Title: Representational Dissimilarity Analysis as a Tool for Neural Network Model Search
Neuroscience theory posits that the brain’s visual system coarsely identifies broad object categories via neural activation patterns, with similar objects producing similar neural responses. Artificial neural networks also have internal activation behavior in response to stimuli. It can be hypothesized that networks exhibiting brain-like activation behavior will demonstrate brain-like characteristics, e.g., stronger generalization capabilities. This talk introduces a human-model similarity (HMS) metric, which quantifies the similarity of human fMRI and network activation behavior. To calculate HMS, representational dissimilarity matrices (RDMs) are created as abstractions of activation behavior, measured by the correlations of activations to stimulus pairs. HMS is then the correlation between the fMRI RDM and the neural network RDM across all stimulus pairs. The metric is tested on unsupervised predictive coding networks, which specifically model visual perception, and assessed for statistical significance over a large range of hyperparameters. The experiments show that networks with increased human-model similarity are correlated with better performance on two computer vision tasks: next frame prediction and object matching accuracy. Further, HMS identifies networks with high performance on both tasks. An unexpected secondary finding is that the metric can be employed during training as an early-stopping mechanism.

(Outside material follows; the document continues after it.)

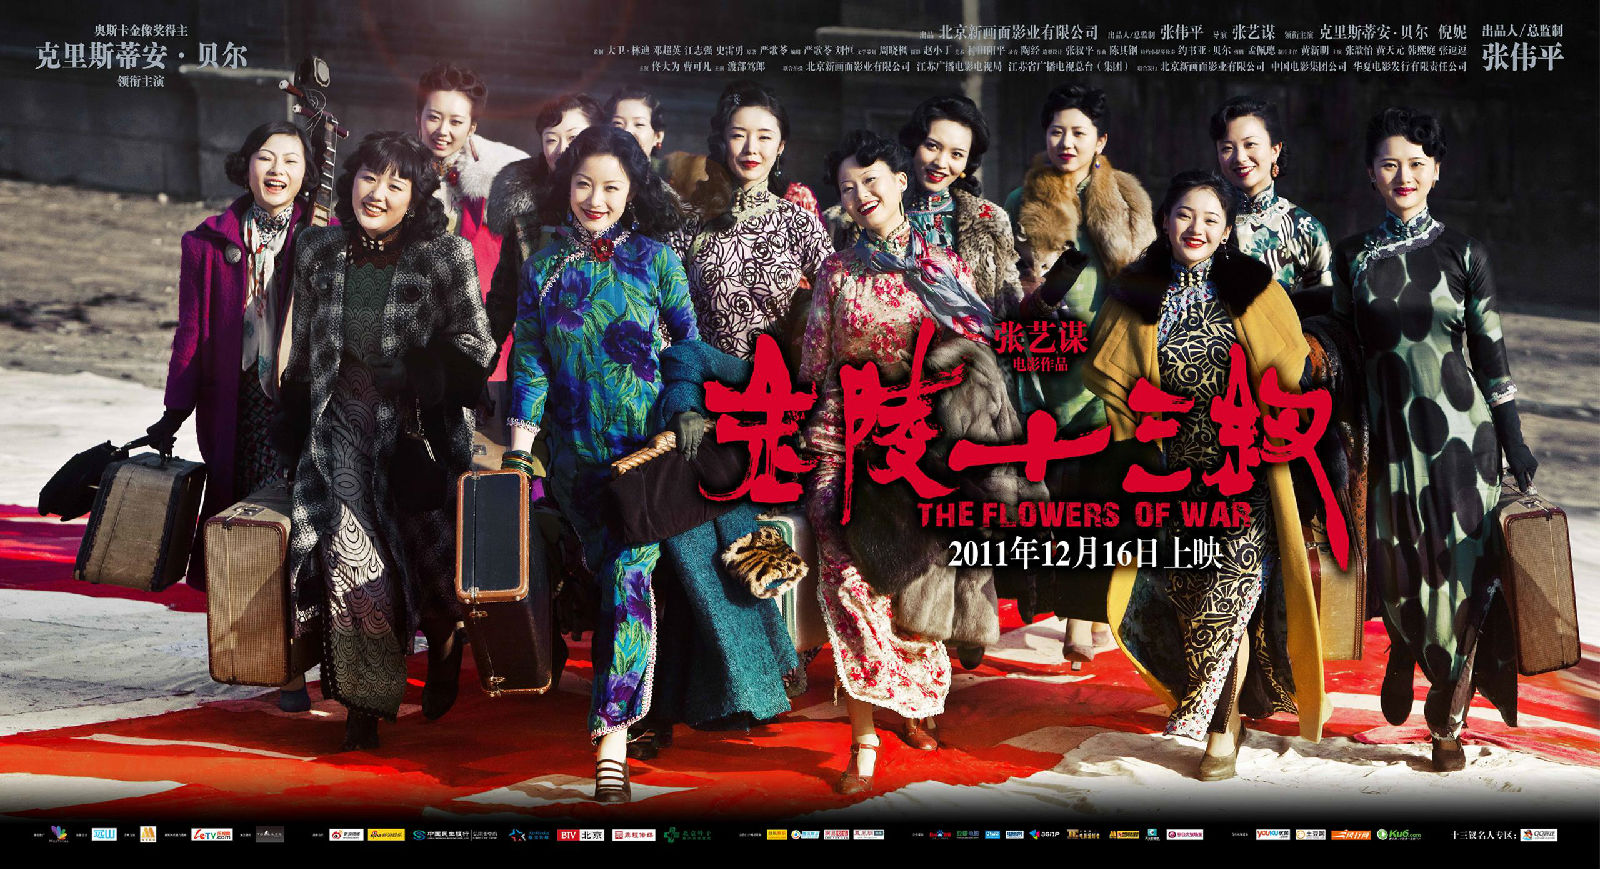 Qual foi o último filme que você assistiu? - Página 14 Flowers-of-war-13-nanjing-flowers-2011-zhang-yimou

8. Hien Van Nguyen, University of Houston

Hien Van Nguyen is a tenure-track Assistant Professor (2016-Present). He did his Ph.D from University of Maryland (2013). He has co-authored 40+ journals, conference papers & workshops, book chapters, and 15+ patents. He has worked at Uber Self-Driving Car Division, Siemens Corporate Research, Army Research Lab, Mitsubishi Electric Research Lab. He is also among the top 3 authors in non-linear dictionary learning based on ISI Web of Knowledge and Google Scholar.

Title: Meta-Learning for Medical Image Analysis
Accenture estimated that artificial intelligence (AI) could save the healthcare industry $150 billion annually by 2026. Despite the great promise, AI models’ development and deployment face a significant challenge of data heterogeneity. Specifically, AI models trained on data from one hospital will likely suffer from accuracy drops (biases) when performing on data coming from another hospital. For example, an algorithm developed at a hospital with a mostly Caucasian patient population will not achieve the same accuracy on minority patients from a local clinic. Meta-learning is a promising framework to mitigate the above-mentioned problem. In this talk, I will give a brief introduction to contemporary meta-learning algorithms, and show their applications to biomedical image analysis.